Enseignante-chercheuse à Arts et Métiers et doctorante sur l’acceptabilité des agents intelligents, Magali Gourlay-Bertrand explore les enjeux éthiques, réglementaires et sociétaux liés à l’intégration de l’IA, au sein du projet CAIRE.
Peux-tu te présenter en quelques mots et expliquer ton rôle dans le projet CAIRE ?
Je suis Magali Gourlay-Bertrand, enseignante à l’École Nationale Supérieure d’Arts et Métiers (ENSAM), en sciences de gestion - management depuis maintenant 5 ans, sur le campus d’Angers.
Dans le cadre du projet CAIRE, je m’intéresse particulièrement à l’aspect réglementaire et éthique lié à l’intégration des systèmes d’IA notamment dans les environnements professionnels. Mon rôle porte sur l’analyse des cadres de responsabilité, de régulation et de gouvernance associés à ces technologies, ainsi que sur l’identification des biais et des enjeux éthiques concrets que soulève leur déploiement.
Ma légitimité particulière sur ces questions tient au fait que je suis actuellement en troisième et dernière année de doctorat, sur la thématique de l’acceptabilité des agents intelligents contemporains dans les organisations - une thèse menée au sein des laboratoires LIRSA (Cnam Paris), sous la direction de Cécile Dejoux et LAMPA (Arts et Métiers - Angers Laval), sous la direction de Simon Richir et de Sylvain Fleury. Ce travail me permet d’articuler des enjeux de recherche académique avec des questionnements concrets d’intégration.
Qu’est-ce qui te motive particulièrement dans ce projet ?
Ce qui me motive dans le projet CAIRE, c’est la possibilité de croiser des approches techniques et sociétales pour penser l’IA autrement que comme une simple innovation technologique.
J’y vois une très belle opportunité de nourrir notre réflexion collective sur la manière dont ces systèmes doivent être pensés, intégrés de façon responsable.

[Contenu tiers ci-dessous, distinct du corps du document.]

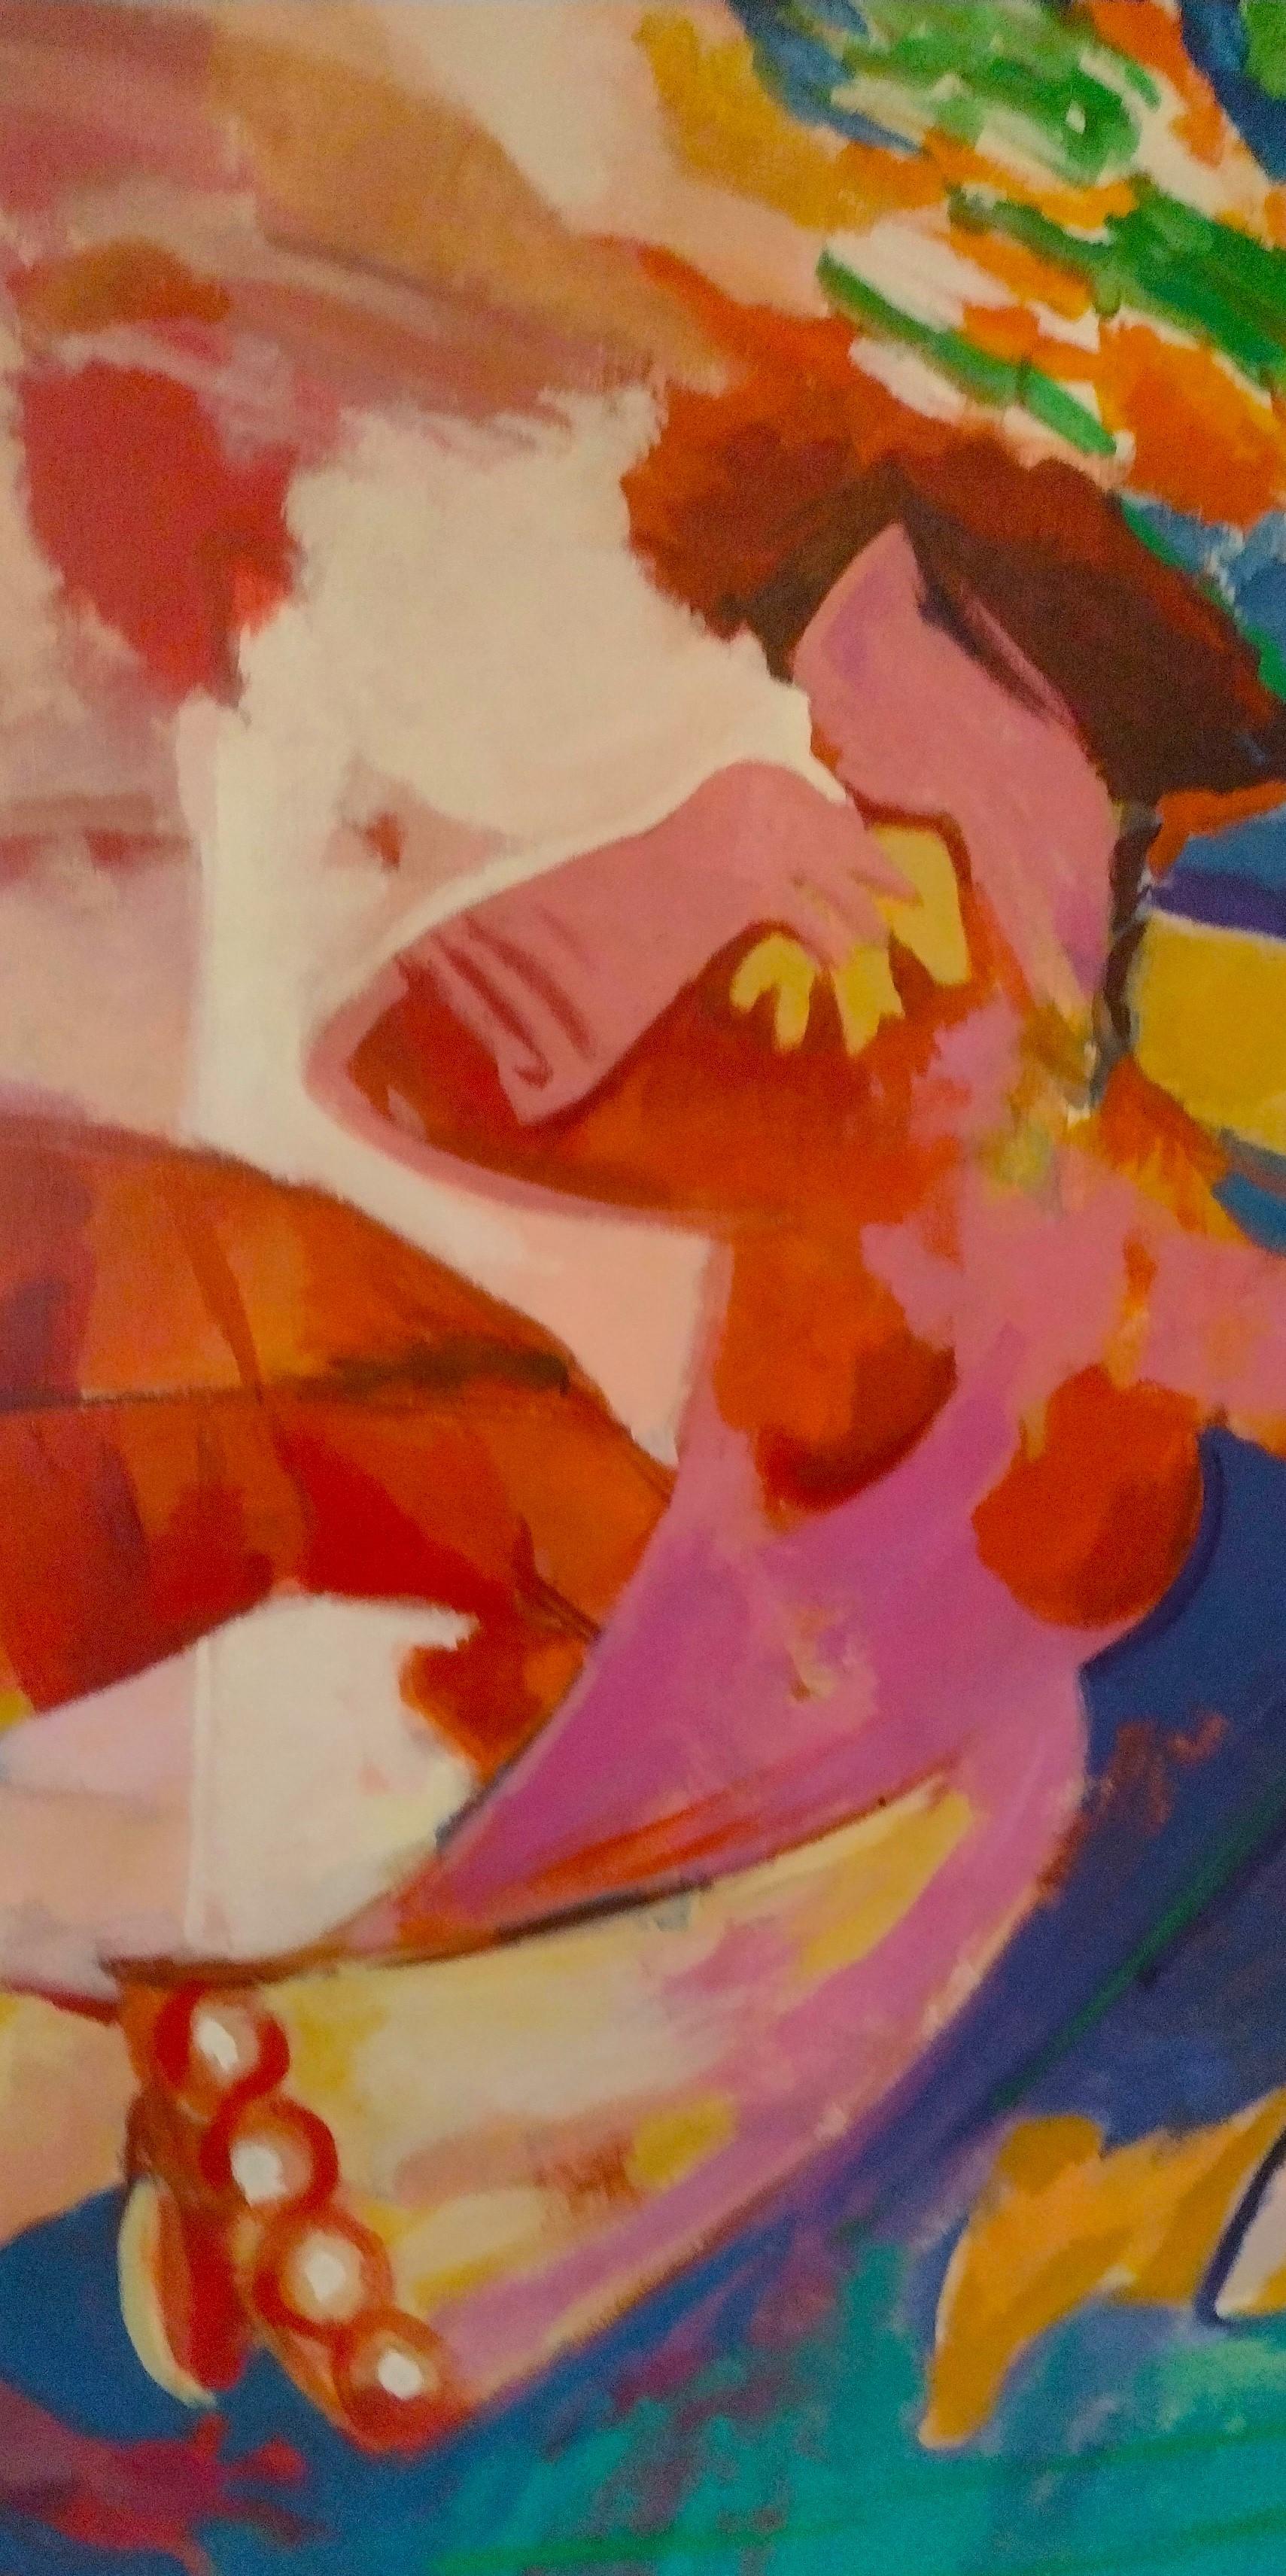 Hessam Abrishami ist ein Meister der leuchtenden Farben, der dynamischen Komposition und des kraftvollen Ausdrucks. Durch die künstlerische Förderung eines Gymnasiallehrers entdeckte Hessam sowohl seine Liebe zur Kunst als auch sein eigenes Talent.
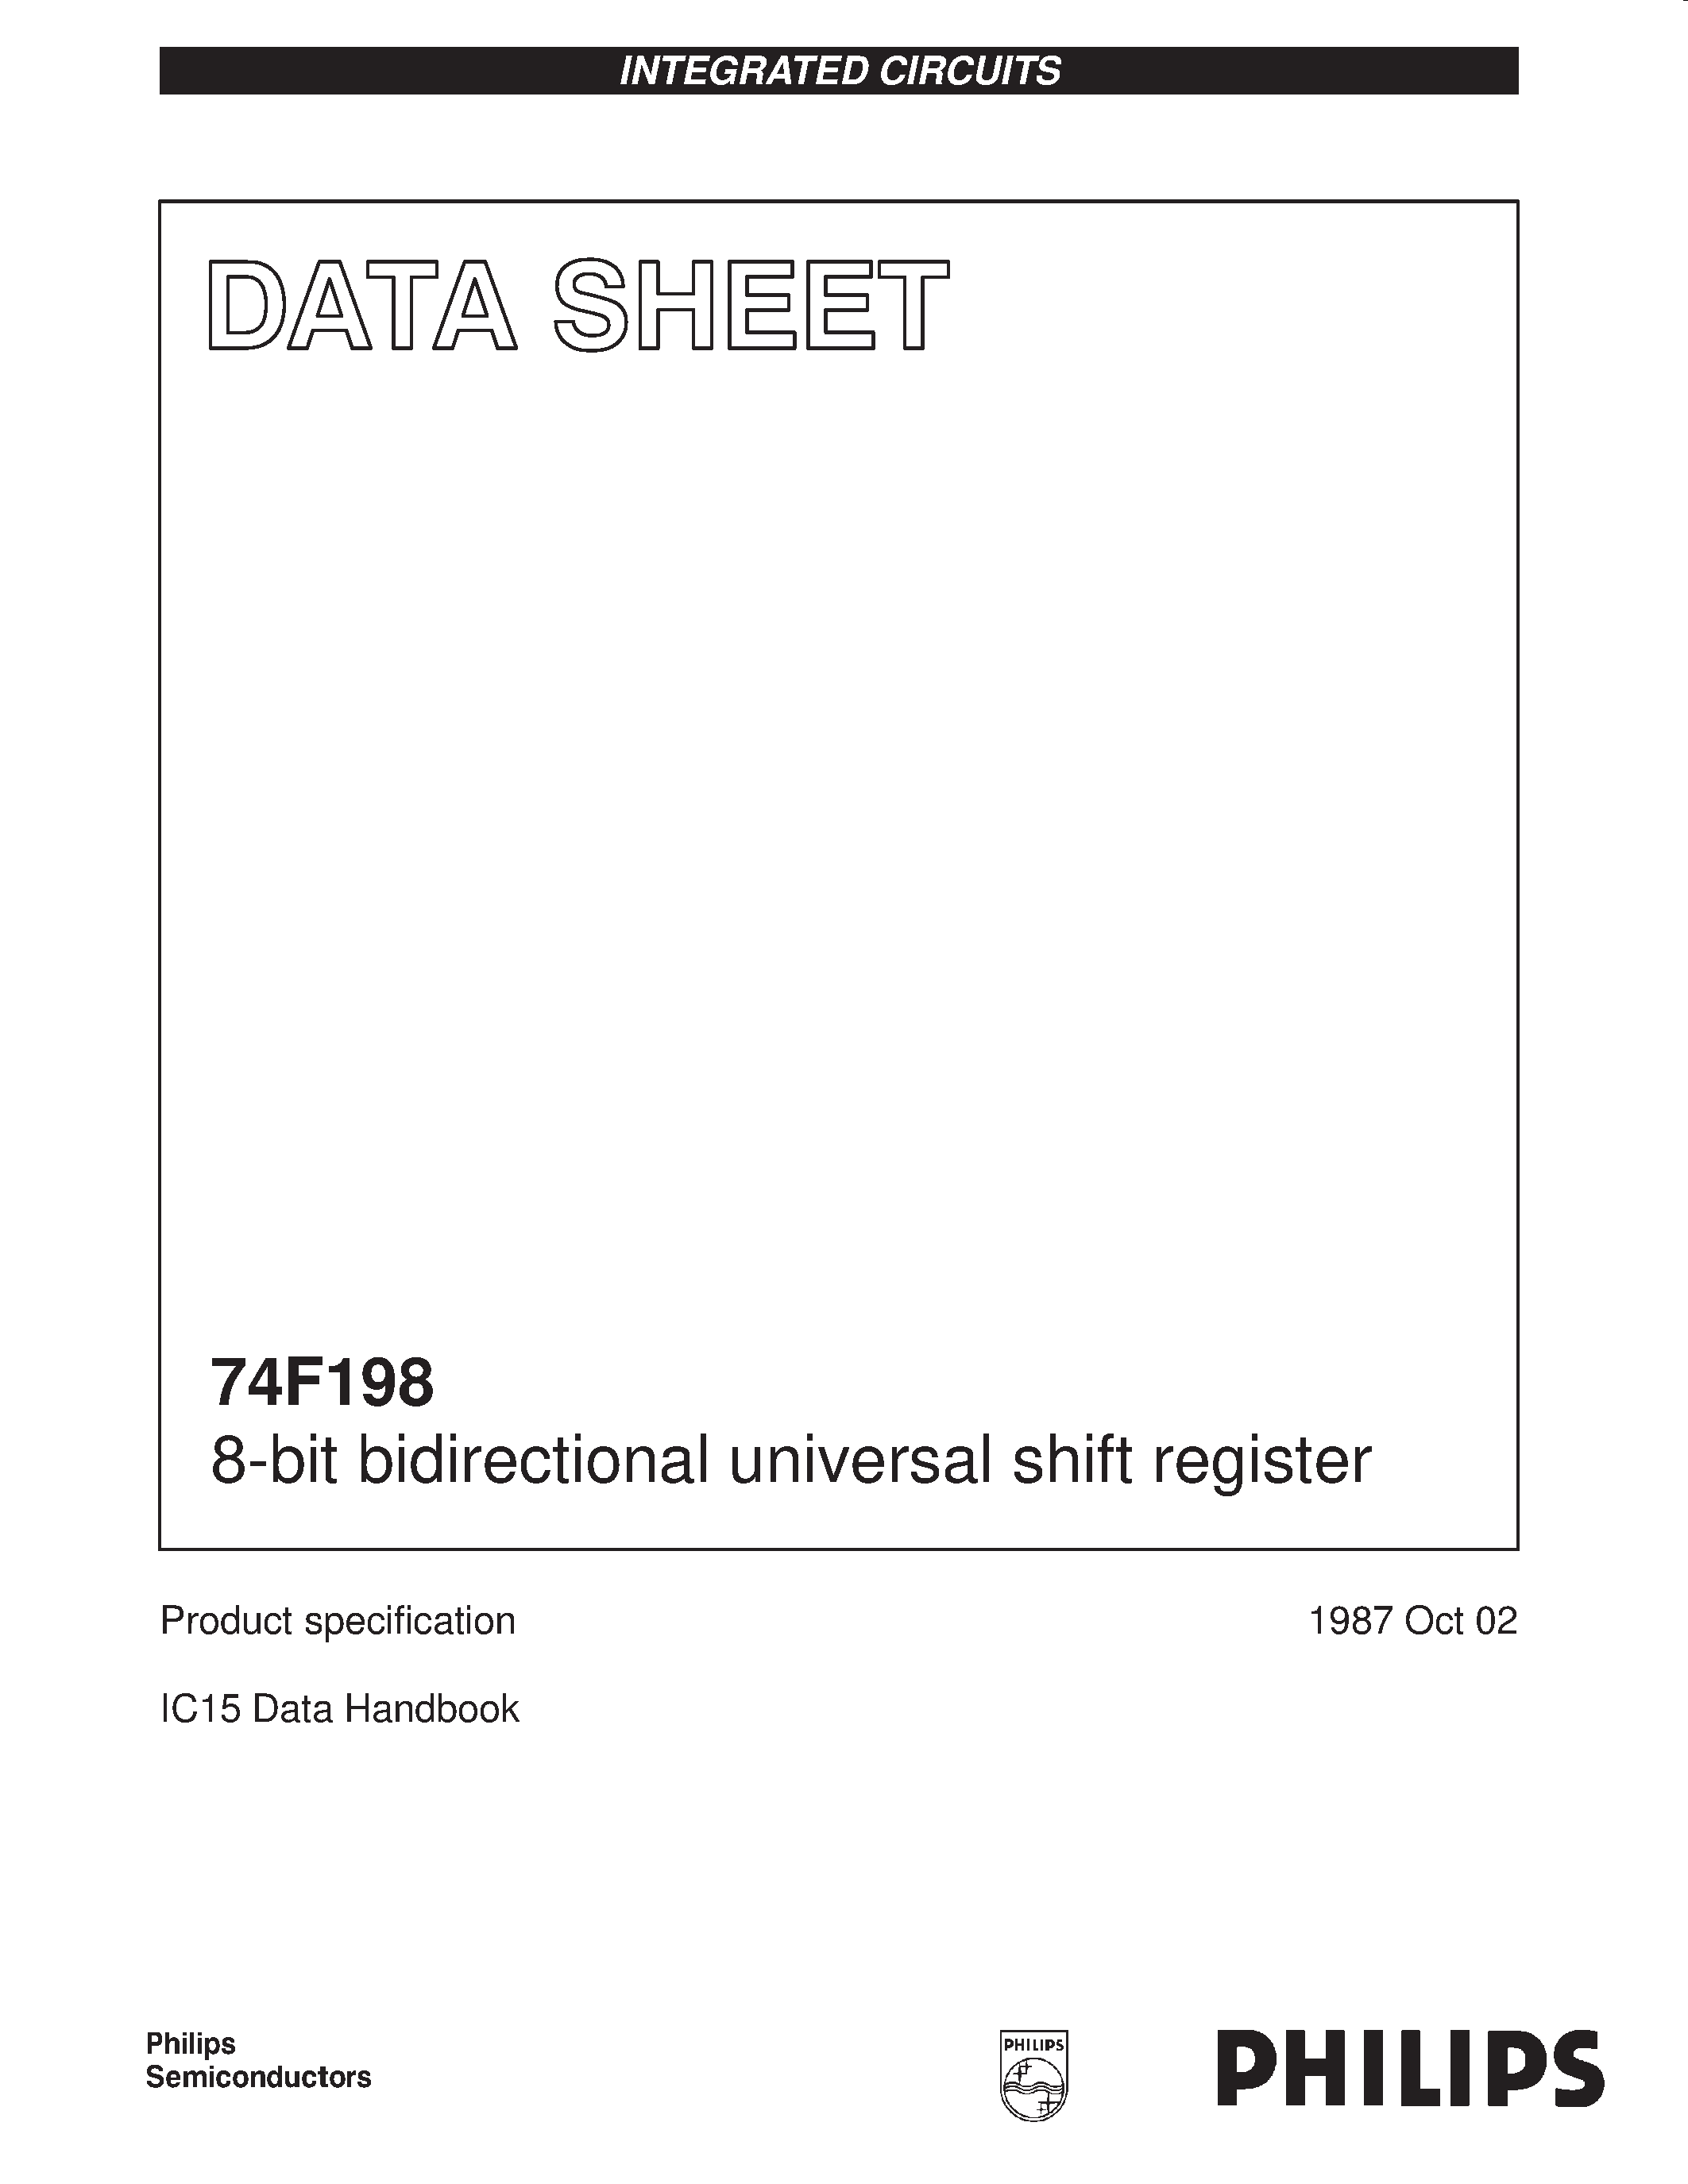 Даташит 74F198 - 8-bit bidirectional universal shift register страница 1

Une ressource que tu recommanderais sur l’IA ?
Dans cette perspective, je suis forcément sensible à des ouvrages qui replacent les technologies dans leurs dynamiques de pouvoir : Cyberpunk d’Asma Mhalla (2025), pour sa dimension techno-politique et géostratégique des infrastructures numériques et de l’IA, dans la lignée de la réflexion de l’auteure sur les Big tech/Big states, L’Âge du capitalisme de surveillance de Shoshana Zuboff (2019), un bel ouvrage qui analyse en profondeur les problèmes sociétaux d'une économie basée sur l’exploitation des données et la logique des grandes plateformes. Les ingénieurs du chaos de Giuliano Da Empoli (2019) (et ce dernier vient également de sortir L’heure des prédateurs que je n’ai pas encore lu, mais il figure sur ma liste !).
Ce sont de bonnes références pour une meilleure compréhension des stratégies d’influence politique et sociale qui s’appuient sur les technologies numériques, dans un contexte particulièrement préoccupant. Ces ouvrages rappellent que l’IA reflète et amplifie les structures de pouvoir dans lesquelles elle s’inscrit. Il ne s’agit pas seulement de maîtriser une innovation, mais de décider consciemment et collectivement des espaces que nous voulons lui ouvrir et de ceux qu’il nous faut préserver.